How the zebrafish got its stripes

July 27, 2020

Animal patterns - the stripes, spots and rosettes seen in the wild - are a source of endless fascination, and now researchers at the University Bath have developed a robust mathematical model to explain how one important species, the zebrafish, develops its stripes.

In the animal kingdom, the arrangement of skin pigment cells starts during the embryonic stage of development, making pattern formation an area of keen interest not only for a lay audience but also for scientists - in particular, developmental biologists and mathematicians.

Zebrafish are invaluable for studying human disease. These humble freshwater minnows may seem to have little in common with mammals but in fact they show many genetic similarities to our species and boast a similar list of physical characteristics (including most major organs).

Zebrafish also provide fundamental insights into the complex, and often wondrous, processes that underpin biology. Studying their striking appearance may, in time, be relevant to medicine, since pattern formation is an important general feature of organ development. therefore, a better understanding of pigment pattern formation might give us insights into diseases caused by disruption to cell arrangements within organs.

The new mathematical model devised in Bath paves the way for further explorations into pigment patterning systems, and their similarity across different species. Pigmentation in zebrafish is an example of an emergent phenomenon - one in which individuals (cells in this case), all acting according to their own local rules, can self-organise to form an ordered pattern at a scale much larger than one might expect. Other examples of emergent phenomena in biology include the flocking of starlings and the synchronised swimming seen in schools of fish.

Dr Kit Yates, the mathematician from Bath who led the study, said: "It's fascinating to think that these different pigment cells, all acting without coordinated centralised control, can reliably produce the striped patterns we see in zebrafish. Our modelling highlights the local rules that these cells use to interact with each other in order to generate these patterns robustly."

"Why is it important for us to find a correct mathematical model to explain the stripes on zebrafish?" asks Professor Robert Kelsh, co-author of the study. "Partly, because pigment patterns are interesting and beautiful in their own right. But also because these stripes are an example of a key developmental process. If we can understand what's going on in the pattern development of a fish embryo, we may be able to gain deeper insight into the complex choreography of cells within embryos more generally."

The stripes of an adult 'wild type' zebrafish are formed from pigment-containing cells called chromatophores. There are three different types of chromatophore in the fish, and as the animal develops, these pigment cells shift around on the animal's surface, interacting with one other and self-organising into the stripy pattern for which the fish are named. Occasionally, mutations appear, changing how the cells interact with each other during pattern development resulting in spotty, leopard-skin or maze-like labyrinthine markings.

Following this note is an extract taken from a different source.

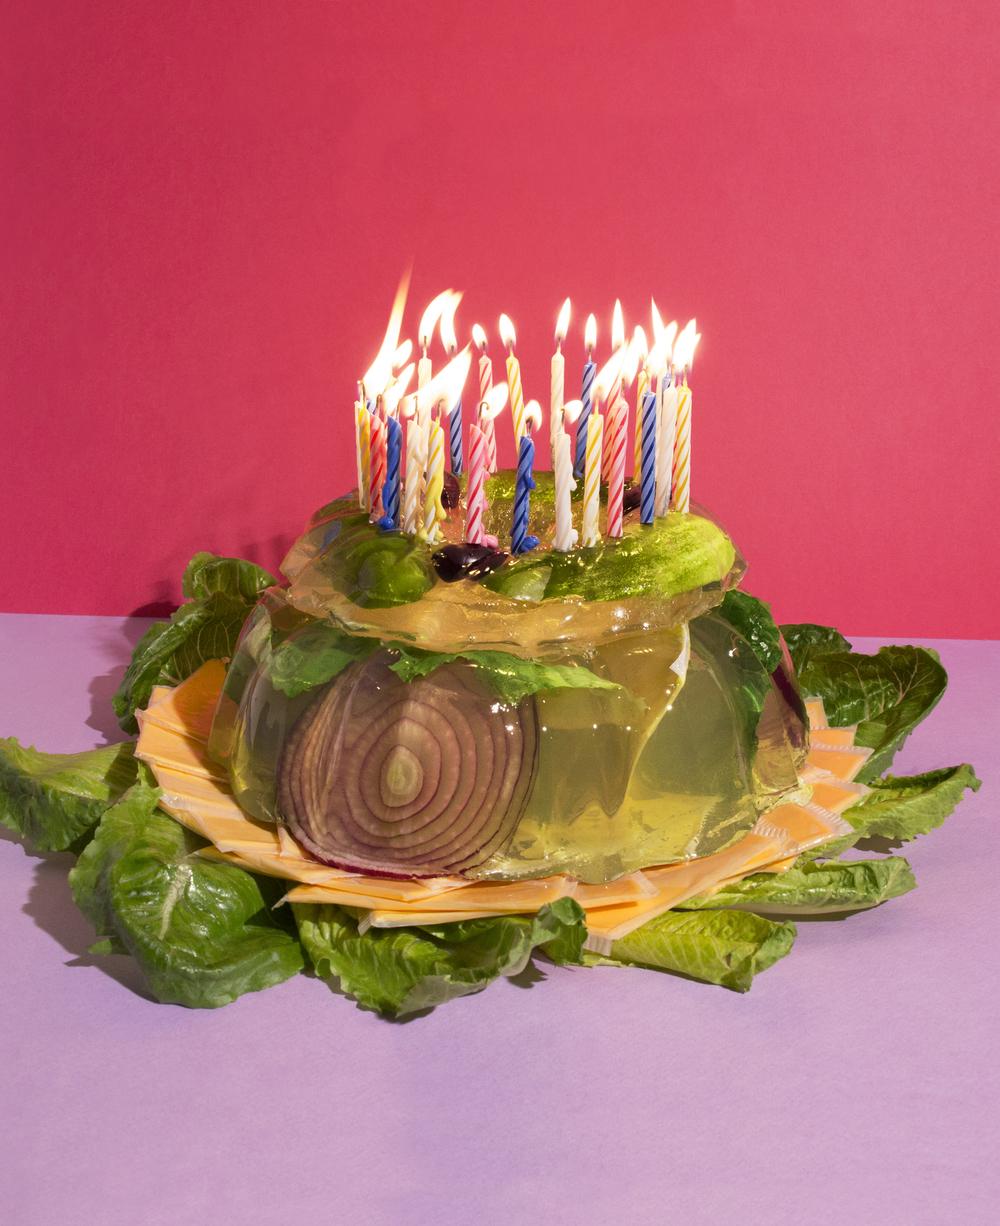 LAZY MOM_luckypeach-05-birthday cake.jpg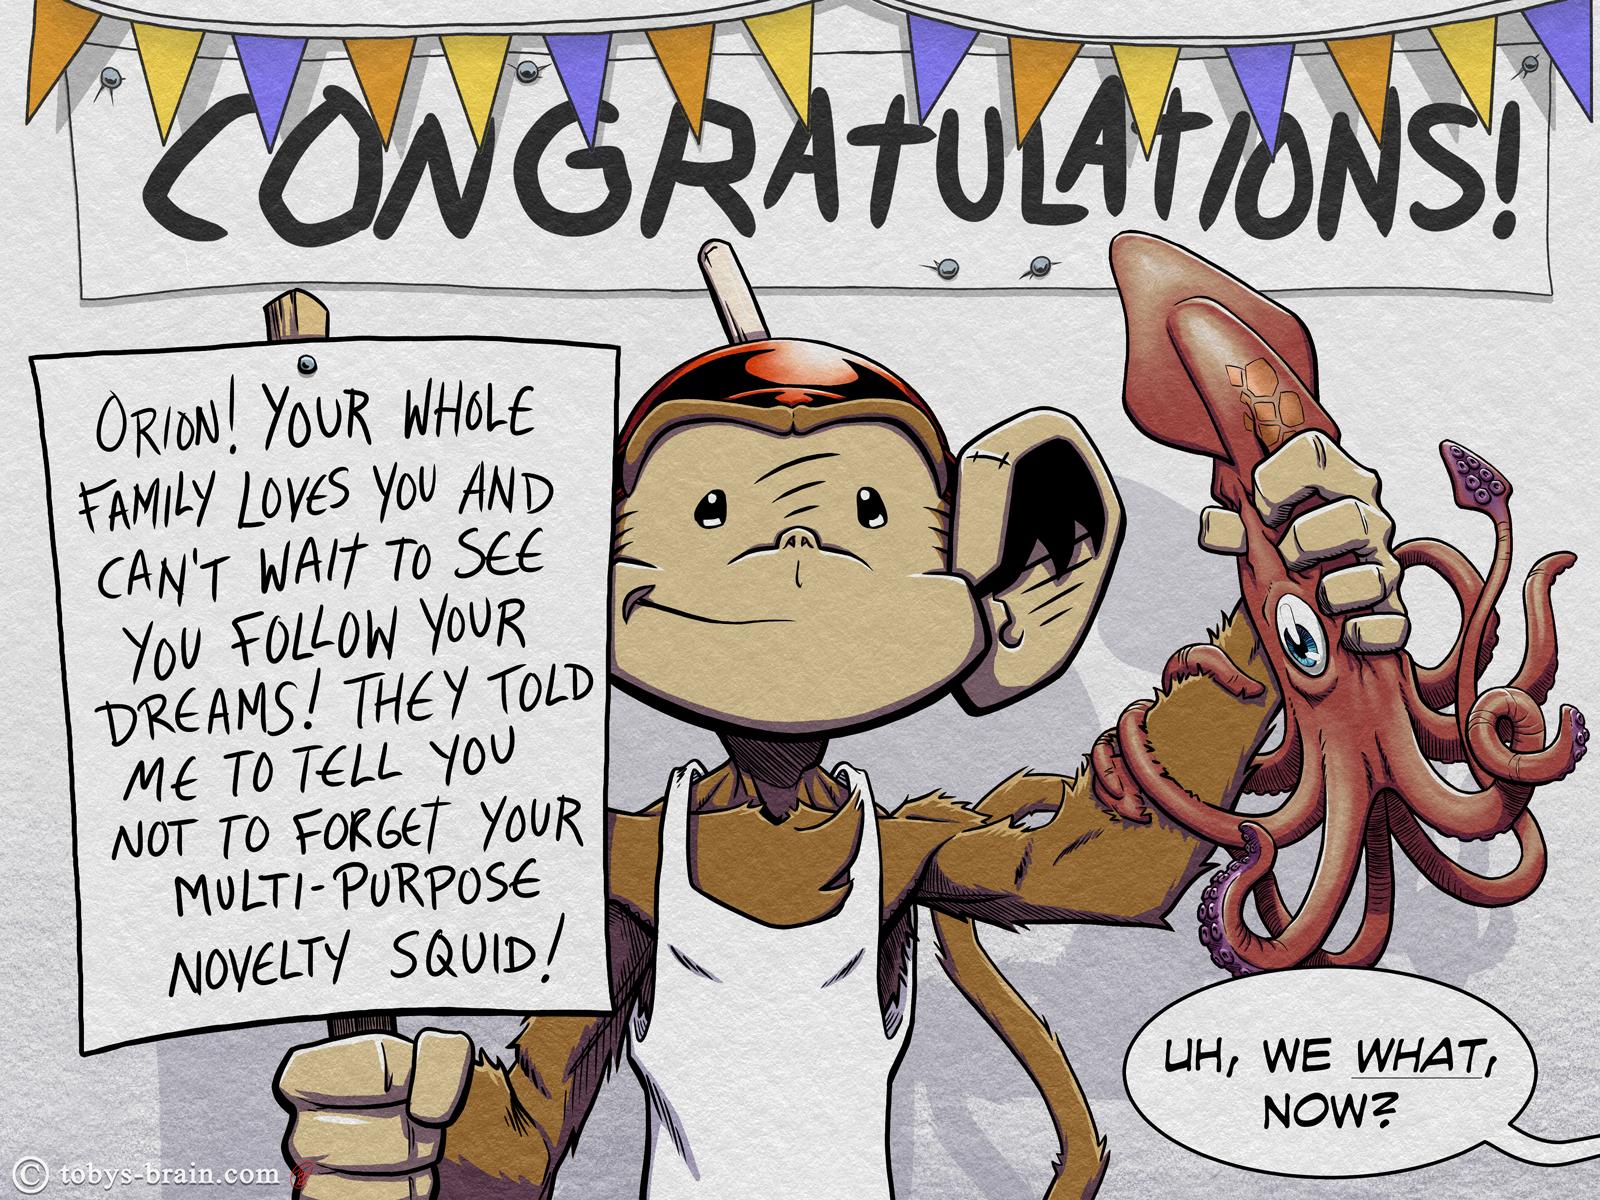 Congratulations Orion!

Scientists know a lot about the biological interactions needed for the self-organisation of a zebrafish's pigment cells, but there has been some uncertainty over whether these interactions offer a comprehensive explanation for how these patterns form. To test the biological theories, the Bath team developed a mathematical model that incorporated the three cell types and all their known interactions. The model has proven successful, predicting the pattern development of both wild type and mutant fish.

Mathematicians have been trying to explain how zebrafish stripes form for many years, however many previous modelling attempts have been unable to account for the broad range of observed fish mutant patterns. Jennifer Owen, the scientist responsible for building and running the model, said "One of the benefits of our model is that, due to its complexity, it can help to predict the developmental defects of some less understood mutants. For example, our model can help to predict the cell-cell interactions that are defective in mutants such as leopard, which displays spots."